Critics Corner – Flying High At The Airline Lounge


Going through the automatic glass doors to the concierge desk at the front of the lounge I am immediately greeted by the smell of the food that awaits me. As my partner and I move through the room, he asks me where I would like to sit and my immediate reaction is to follow my stomach and my nose and sit as close as possible to the  buffet style selection of food without compromising a comfy seat. We got here early as it gives me time to explore and savour as much as the food as possible. It’s also not very busy in the lounge tonight which is great as you feel like the chefs have prepared all this food just for little old you!

So while  I sit here waiting for our plane to Brisbane from Perth,I can’t help but be distracted by the food and feel a little bit special as this is something that not a lot of people get to experience very often if at all.

As I make my way up to the food lay up, my nose is gently tickled by the array of yumminess that awaits me. I’ve been to the lounge a number of times now and I have noticed that apart from the soup and one main dish selection, the food doesn’t really change.You know that your old faithful dish that you like (mine being the tuna salad and the hummus with crudités) will always be there to greet you like a long lost friend.

Food Buffet

The menu reads:

  • Chicken Tagine
  • Cream of corn soup with sprig onions and crispy fried shallots
  • MYO Toasted Sandwiches – GF bread available on request
  • Virginia Ham
  • Tuna Salad
  • Five bean and corn salad
  • Pasta salad with sundried tomato pesto
  • Cabbage and red radish slaw
  • Radicchio, cos lettuce and radish salad
  • Balsamic, ranch, herb and honey mustard dressings
  • Crudité and crackers with hummus dip
  • pecan and date slice
  • spiced popcorn

“Yes” I say to myself as I read that my two favourite items are available for me to munch on to my hearts content. I pick up the only plate size available (which is a side plate) and make my way along the line. I’m feeling a bit adventurous tonight so I pick myself up the soup (even though I’m not a huge fan of soups but you never know it could be good) with a small bread roll and two individual packs of butter (because you can never have enough butter on your bread), the pasta salad, cabbage and red radish slaw and my two favourite dishes, the tuna salad and the crudités with hummus and with my mini plates on hand I make my way back to the comfy seat waiting for me.
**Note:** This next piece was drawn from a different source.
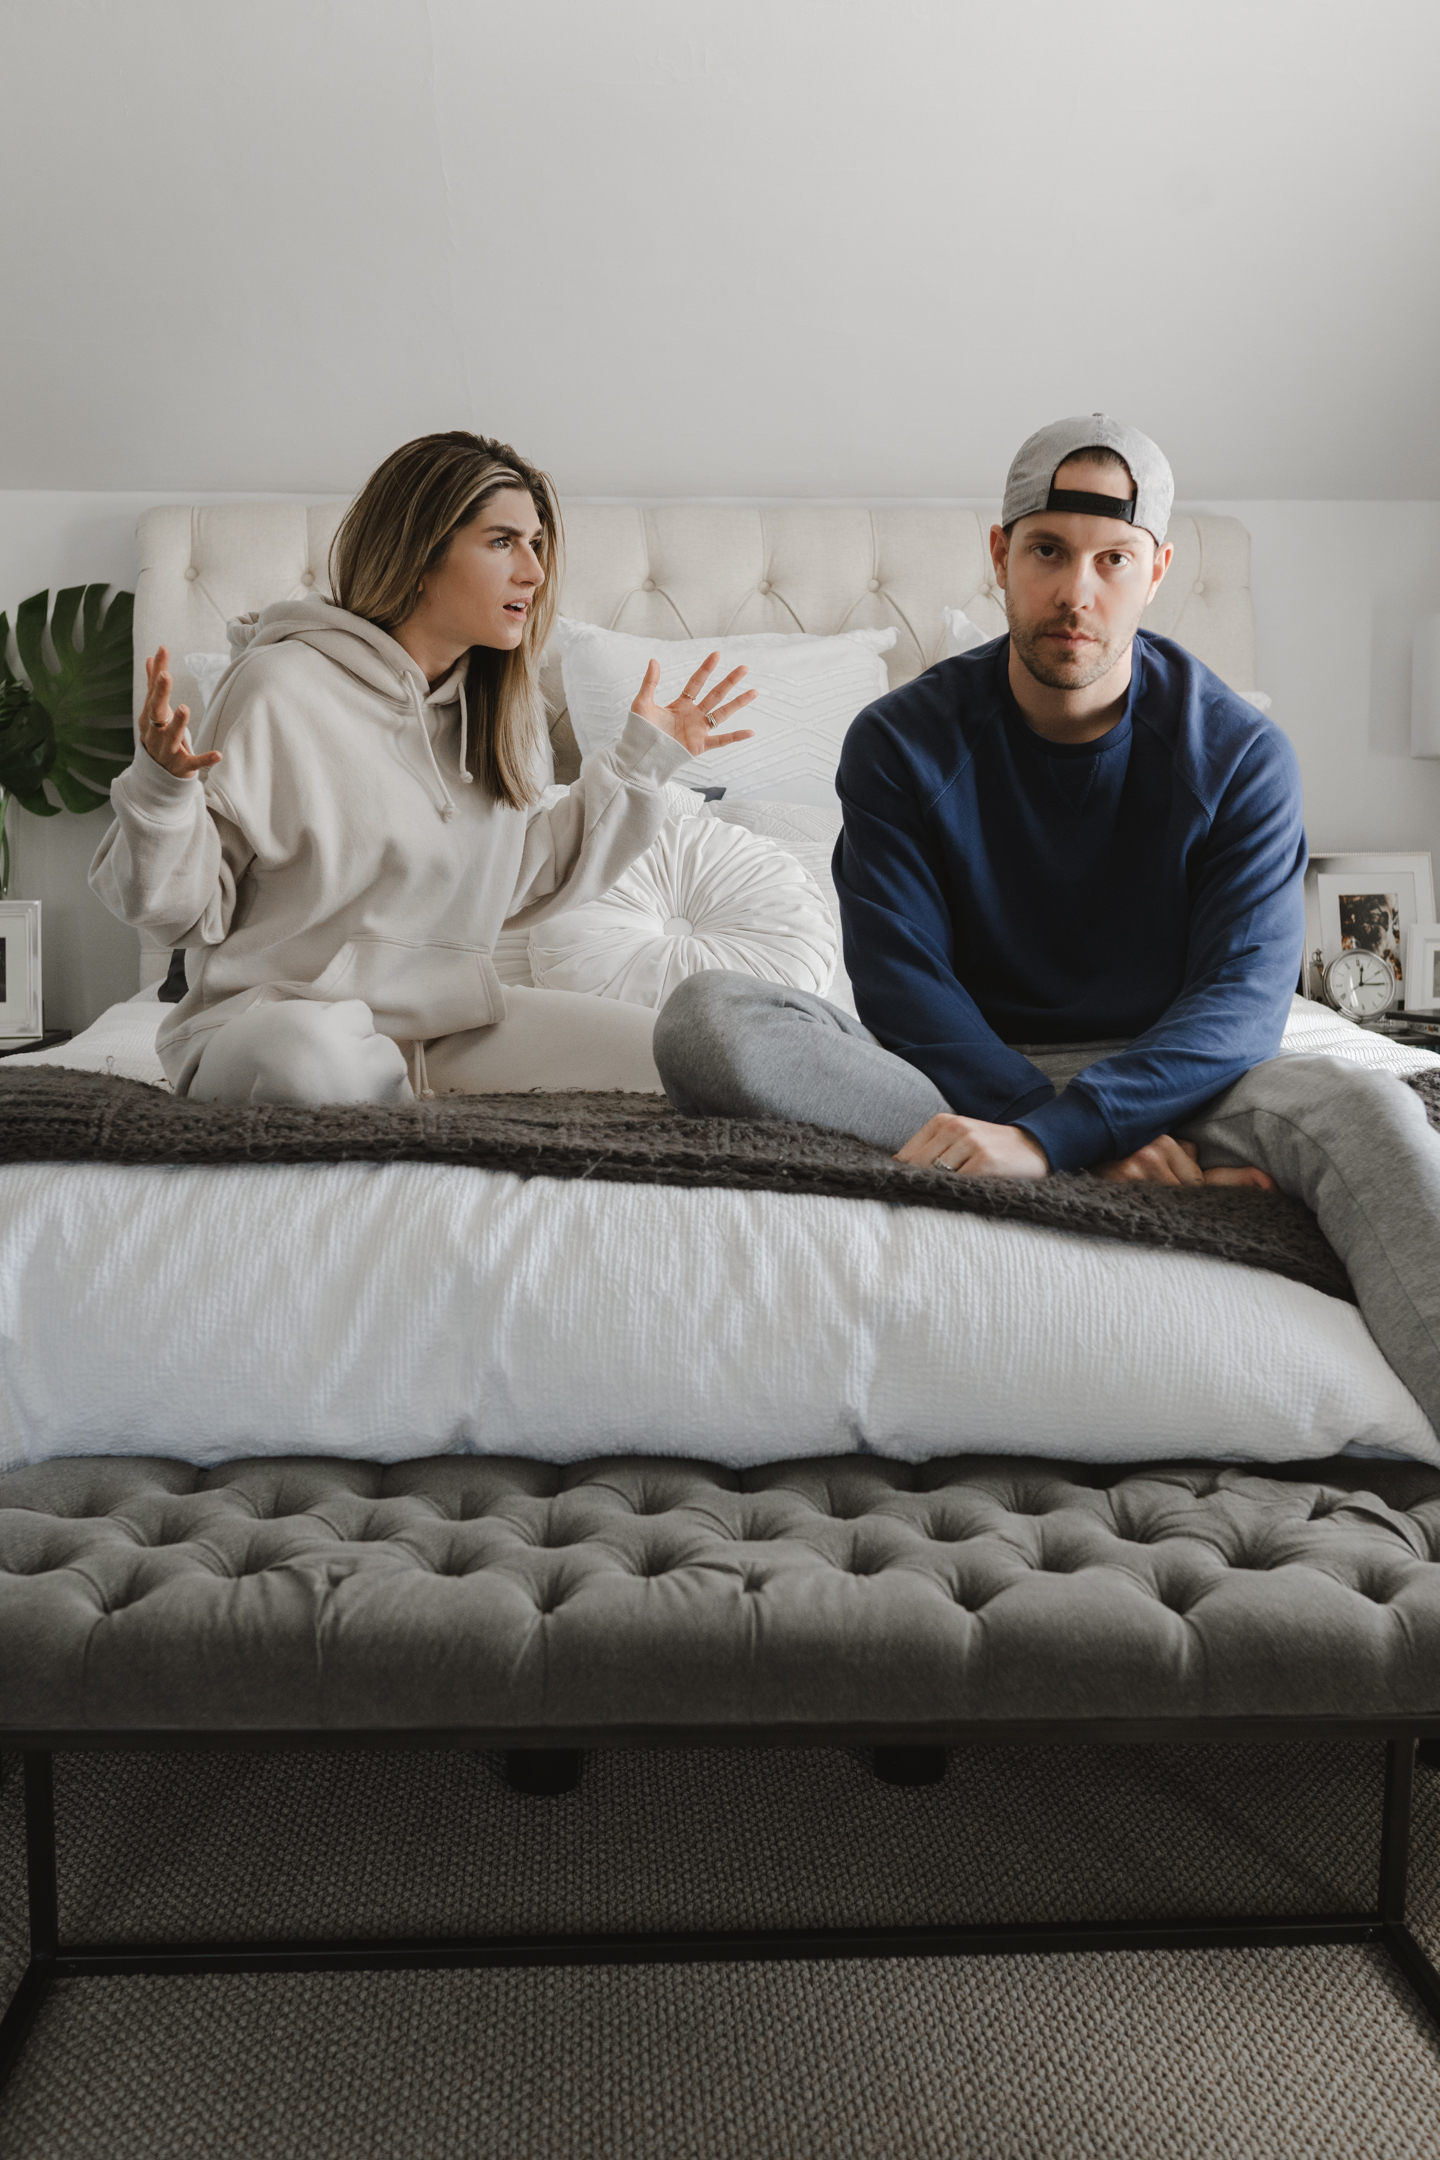 The Grey Edit - Seattle Lifestyle Blogger - How to Make It Through Quarantine with Your Significant Other - Relationship Tips - Husband and Wife

The food is not designed to be a main meal and is offered to you on a side plate sized dish. However I like this idea as it allows you to grab a little bit of food at a time and doesn’t give you an opportunity to over load your plate (as I do when exposed to a free meal).

I decide to throw caution to the wind and take my first taste of the cream of corn soup. There are very  lovely subtle flavours and no real punch which is what you would expect when catering for the masses. However I did find that I could only have a couple of mouthfuls as the texture started to get to me (as it is one of the things I don’t like about soups) and I decided to move onto to cabbage and red radish slaw which I was pleasantly surprised by. It was still a subtle flavour but it also was crunchy and fresh on the pallet.
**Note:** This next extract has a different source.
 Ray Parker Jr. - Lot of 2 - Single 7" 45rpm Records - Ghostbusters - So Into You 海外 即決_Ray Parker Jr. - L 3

I don’t know if you have noticed but food comes in and out of fashion in the industry (yes, just like cloths) and radish is no exception to this. When I was a child you could find radish in any salad or as a decorative piece on the side of your plate if you where out in a restaurant. They were everywhere, then all of a sudden they disappeared of the face of the earth and its only until recently that they have been making a come back (go radish! go!).

The pasta salad was next on my hit list, it had rather large chunks of eggplant and a zingy tomato pesto.
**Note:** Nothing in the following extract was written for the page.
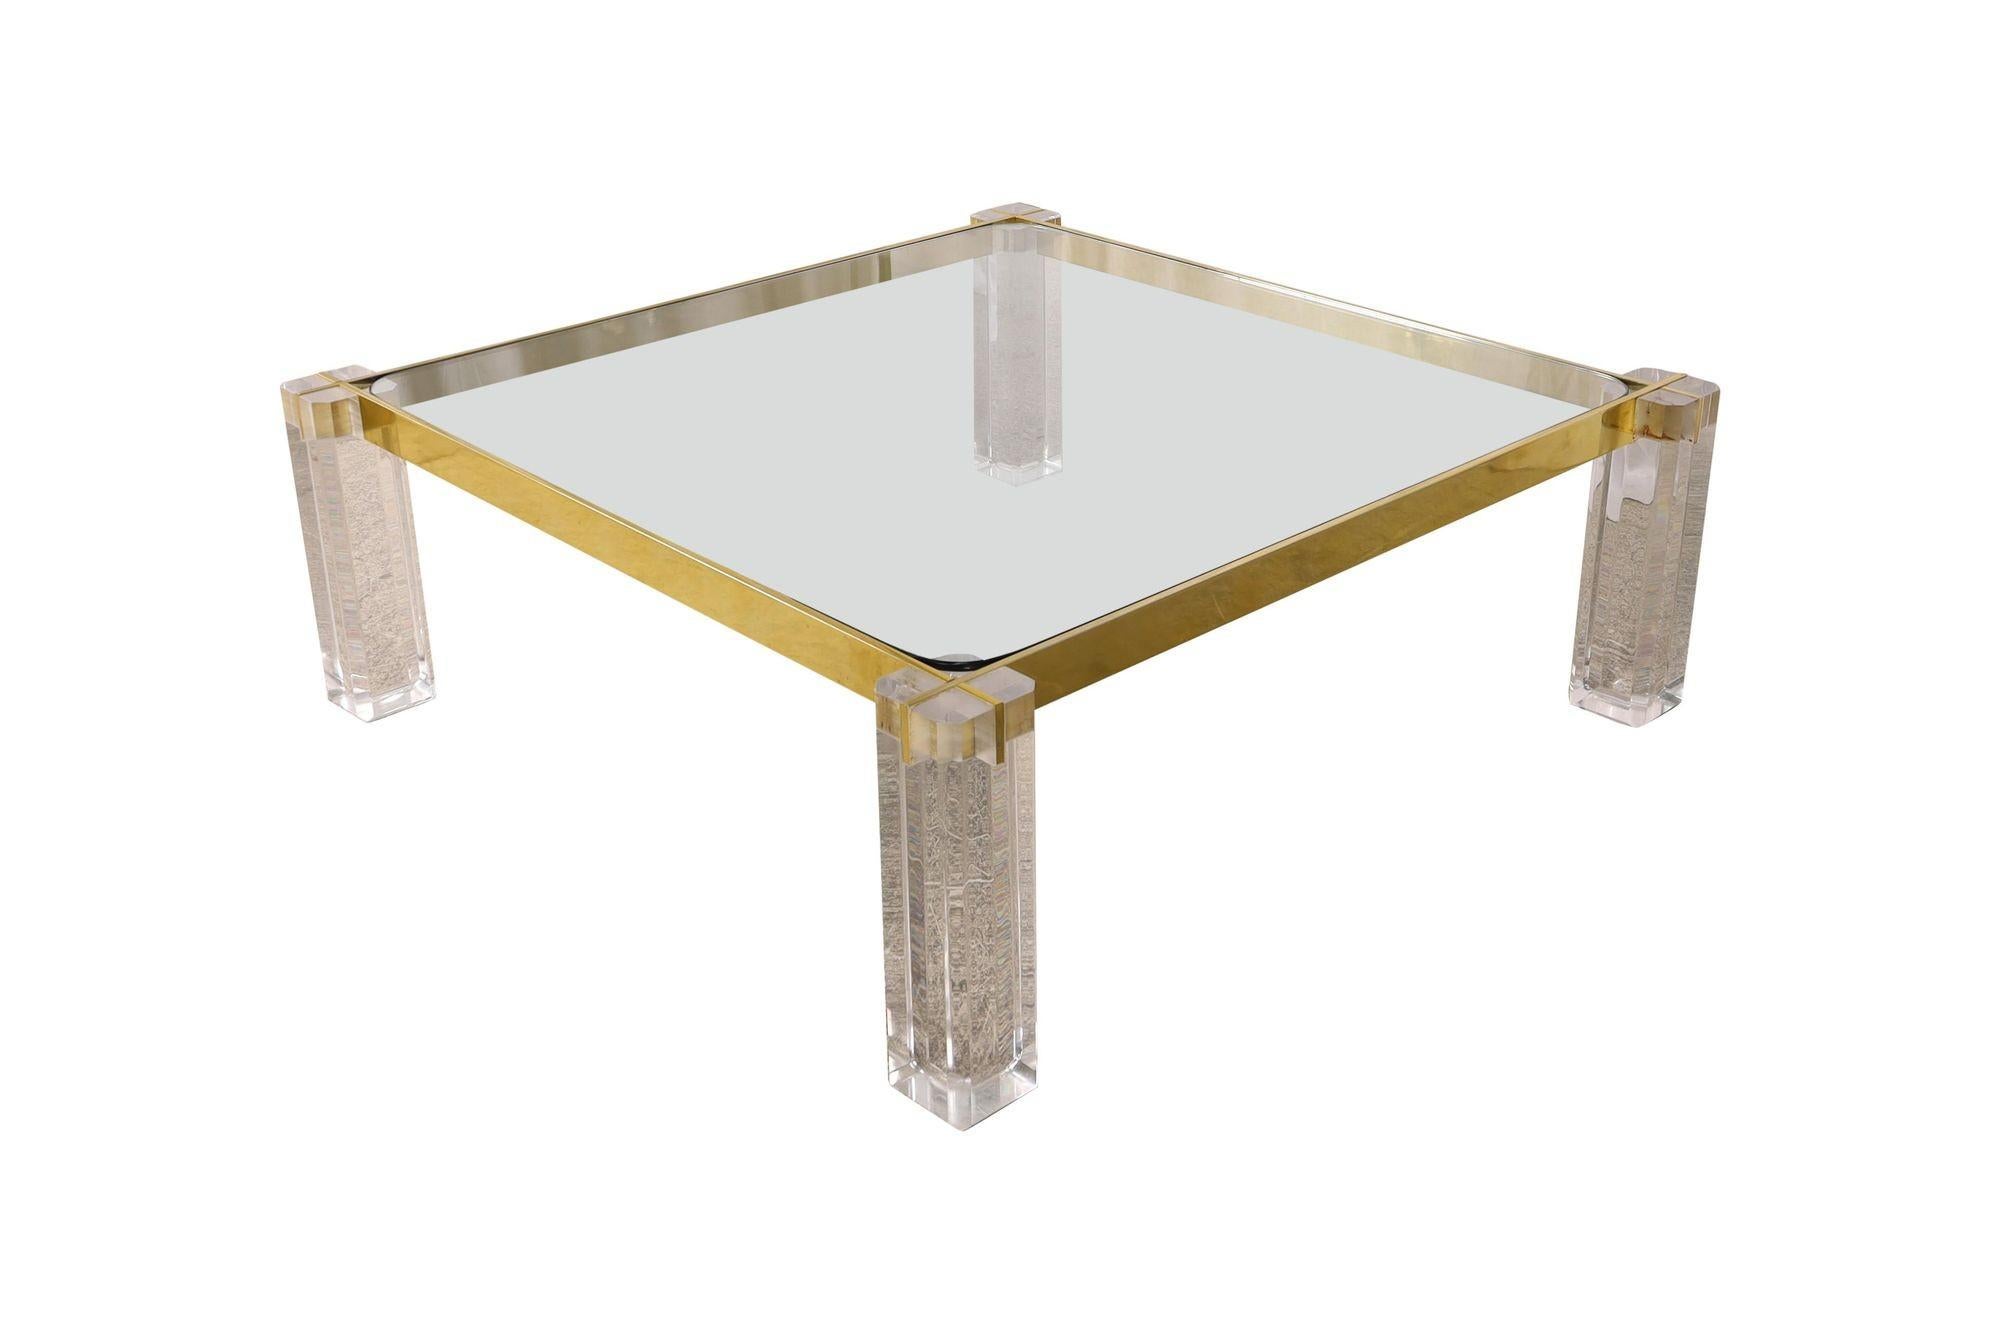 Vintage Mid-Century squared coffee table made in USA in the 1970s. Its standout feature lies in the transparent lucite legs, and a sleek brass frame surrounding the table. It is protected by a thick glass top.
Dimensions:
15

My two favourite dishes were last, I deliberately do this as I love to finish on a high note every time I’m here. The tuna salad had little complex hits of lemon, mayonnaise and onion. This mix of flavours is always a marriage made in heaven and lifts the dish. The hummus was fresh and you could tell it was made by hand as it had some texture and a subtle hint of garlic which the crudités offered a sweet  contrast between the flavour of the hummus.

Feeling rather satisfied with my selection of food tonight, I surveyed the empty dishes in front of me. There has been a great menu to feed the masses of people that come through the doors each day. Its a difficult task to please everyone as all tastebuds are different so subtle is best! As my partner and I leave the lounge to head for the plane, we both agree that its the perfect way to start a little get away.



  1. K. / Pure & Complex · October 17, 2014

    You both are right, that is the perfect start to a plane ride. Riding a plan should be the way it used to be, grand, relaxing, and wonderful. Great post and that menu sounds amazing

    Liked by 2 people

    • eloisesedibles · October 17, 2014

      Thanks so much for visiting my site and I’m glad you enjoyed the posts 🙂
      I totally agree with you. Going on a plane should be a special thing to do!